Who Can Disentangle Whales
Whale rescue is complex and dangerous for the whale rescuers as well as the animal. Do not try to disentangle a whale yourself. Instead, learn how you can help.
Due to the risks of disentanglement and the protected status of the animals, large whale entanglement response activities involving any close approach (closer than 100 yards) to the animal are authorized and overseen by NOAA Fisheries’ National Marine Mammal Health and Stranding Response Program (MMHSRP; permit #18786). Response to entangled whales may only be attempted by persons who are experienced, trained, knowledgeable, have proper support and equipment, and are authorized under NOAA Fisheries’ MMHSRP permit.

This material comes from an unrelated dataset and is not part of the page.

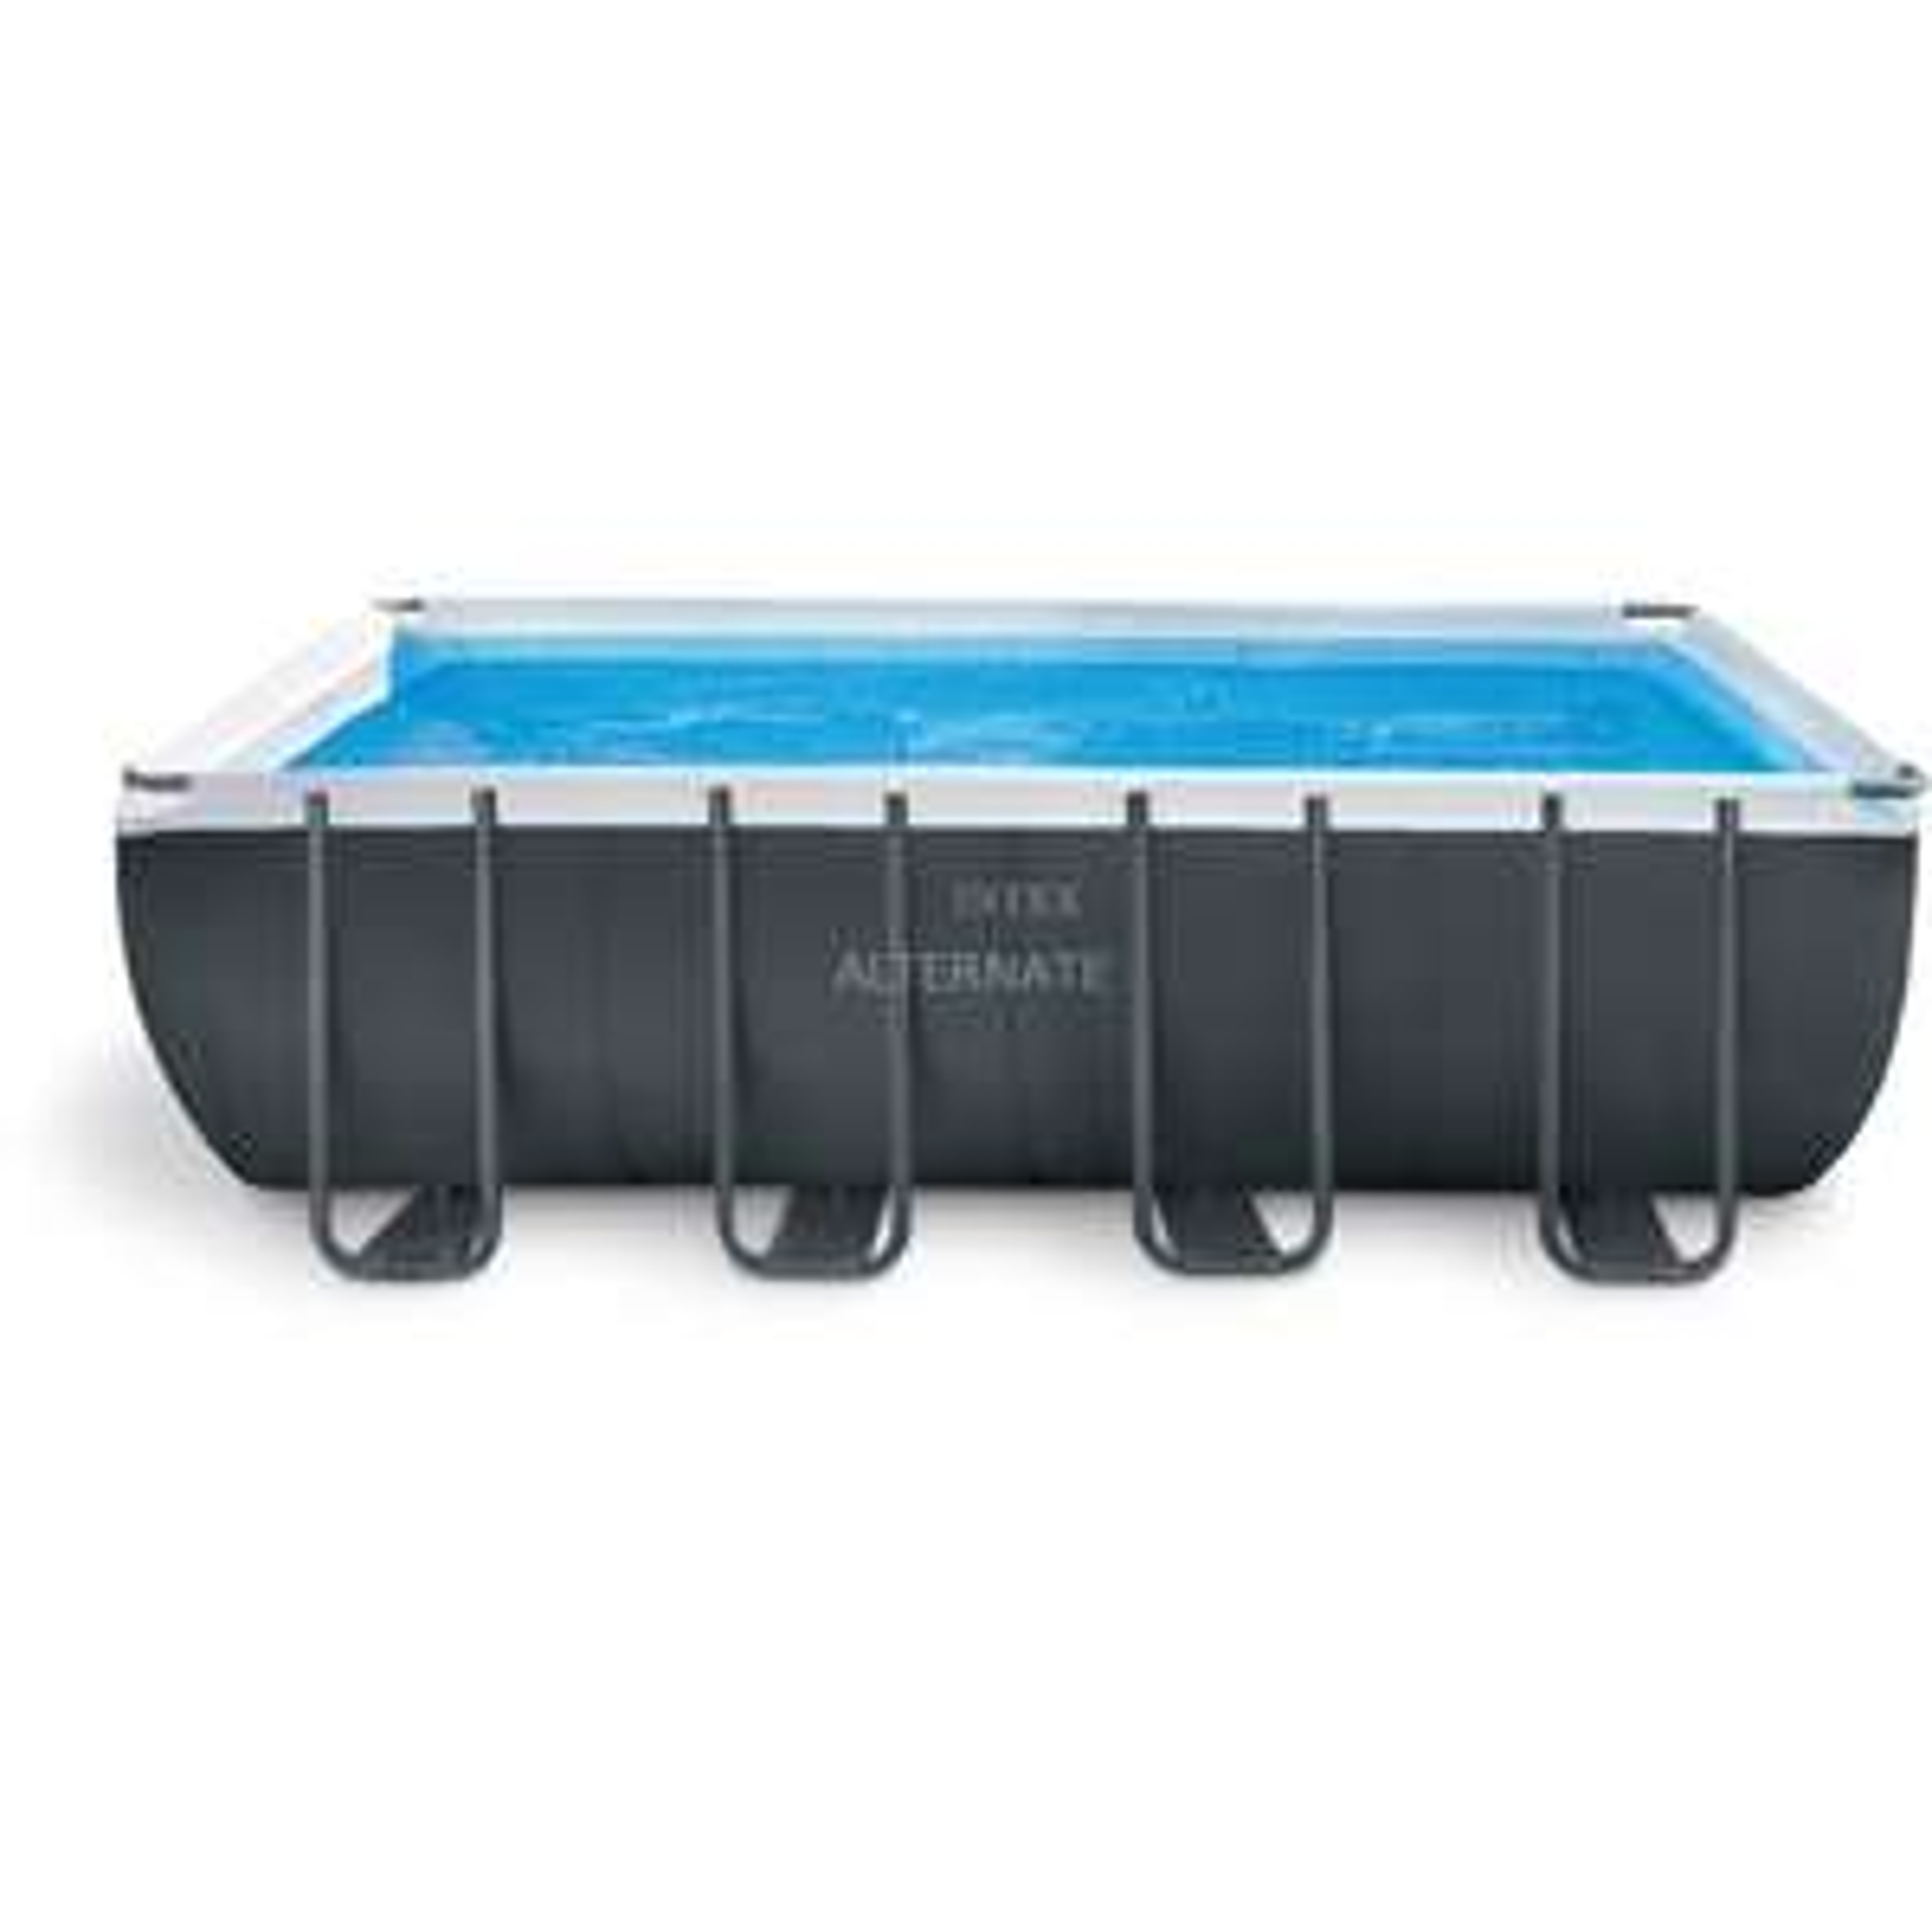 Alternate: IntexFrame Pool Set Ultra Quadra XTR 549 x 274 x 132cm

The Hawaiian Islands Large Whale Entanglement Response Network
Hawaiian Islands Humpback Whale National Marine Sanctuary coordinates the community-based Hawaiian Islands Large Whale Entanglement Response Network. The network is part of the larger Pacific Islands Marine Mammal Response Network headed by NOAA Fisheries’ Pacific Islands Regional Office. The entire effort, plus associated monitoring, is overseen and authorized by NOAA Fisheries’ Marine Mammal Health and Stranding Response Program.
The network is dependent upon the commitment of many state and federal agencies, including the state of Hawaiʻi Department of Land and Natural Resources, the NOAA Fisheries Pacific Islands Regional Office, the NOAA Office of Law Enforcement, and the U.S. Coast Guard, private non-governmental organizations, fishermen, researchers, and other members of the on-water community working together.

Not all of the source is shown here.